Psimolofou or Psimolophou (Ψιμολόφου; İbsomolof) is a village located about 16 km from Nicosia District Capital of Cyprus, en route to the historic Machairas Monastery.

Psimolofou rests at a height of 340 meters above sea level and is surrounded by a number of perfectly flat hills. It is only 500 meters away from Padiaos river.

== Etymology ==
Psimolofou (Ψιμολόφου) derived its name from a small hill nearby which resembles a bread (ψωμί). However, most probably the name has been derived from the nearby hill - tall hill (ψηλός λόφος).

== History ==
Psimolofou was established as a small village during the 12th century AD. The historic urban center features narrow streets and very old houses made of soil and hay blocks called plinths (Πλύνθοι).

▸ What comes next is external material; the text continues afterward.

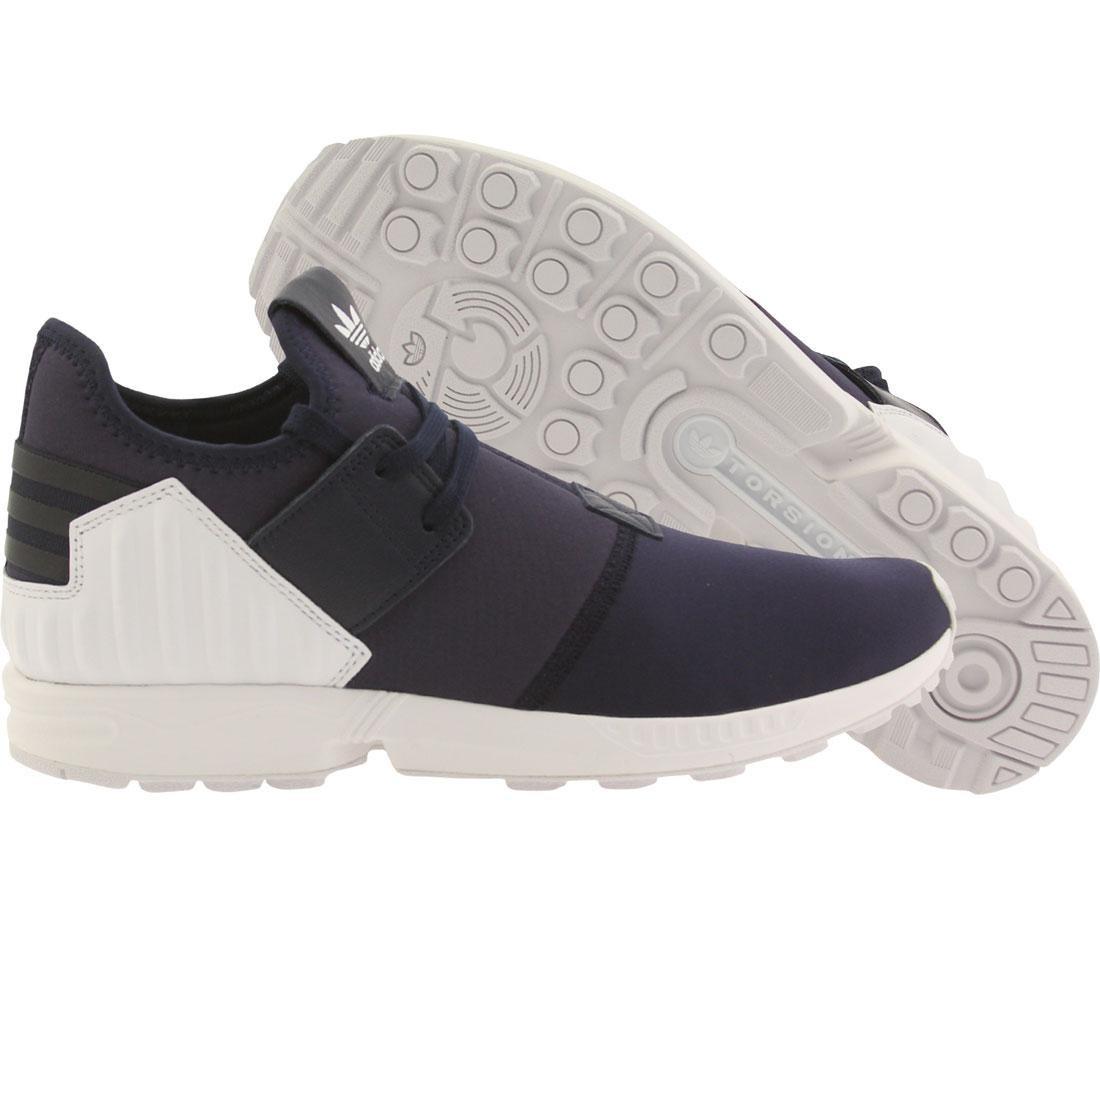 【海外限定】アディダス 紺 ネイビー メンズ靴 スニーカー 【 ADIDAS NAVY MEN ZX FLUX PLUS COLLEGIATE FOOTWEAR WHITE 】

According to Jean Richard in a paper written in Melanges d'Archeologie et d'Histoire, Psimolophou was one of Cyprus's main centres for tanning, the craft practiced by Jewish tanners from the 14th century until the second half of the 20th century.

The primary church of Psimolofou was built in the 19th century over the ruins of an older church destroyed by fire. It is decorated with wall paintings; two of which were saved from the earlier building and the rest added much more recently. It is dedicated to Panayia Katholiki, known in English as the Virgin Mary.

== Modern Day ==
Psimolofou has approximately 2000 residents and has been growing steadily since the 19th century, when official records first began to be kept. Up until the 1970s, most of the inhabitants were involved with agriculture, typically growing fruits and vegetables. Today, very few inhabitants are still farmers. Most now hold jobs or have businesses in Nicosia, the capital of and largest city in Cyprus.

Psimolofou is a fast expanding residential area very near to the city; its cooler climate, especially in the summer, adds to its appeal. Psimolofou has public elementary and primary schools.

The community features several businesses and retail shops, including three traditional Cyprus coffee shops and a 24-hour, 365-day convenience store.

Near Psimolofou at , there is a mediumwave broadcasting station transmitting on 963 kHz the 1st programme and on 603 kHz the third programme with 100 Kilowatt. It uses a 193 metres tall guyed mast radiator - the tallest structure in Cyprus.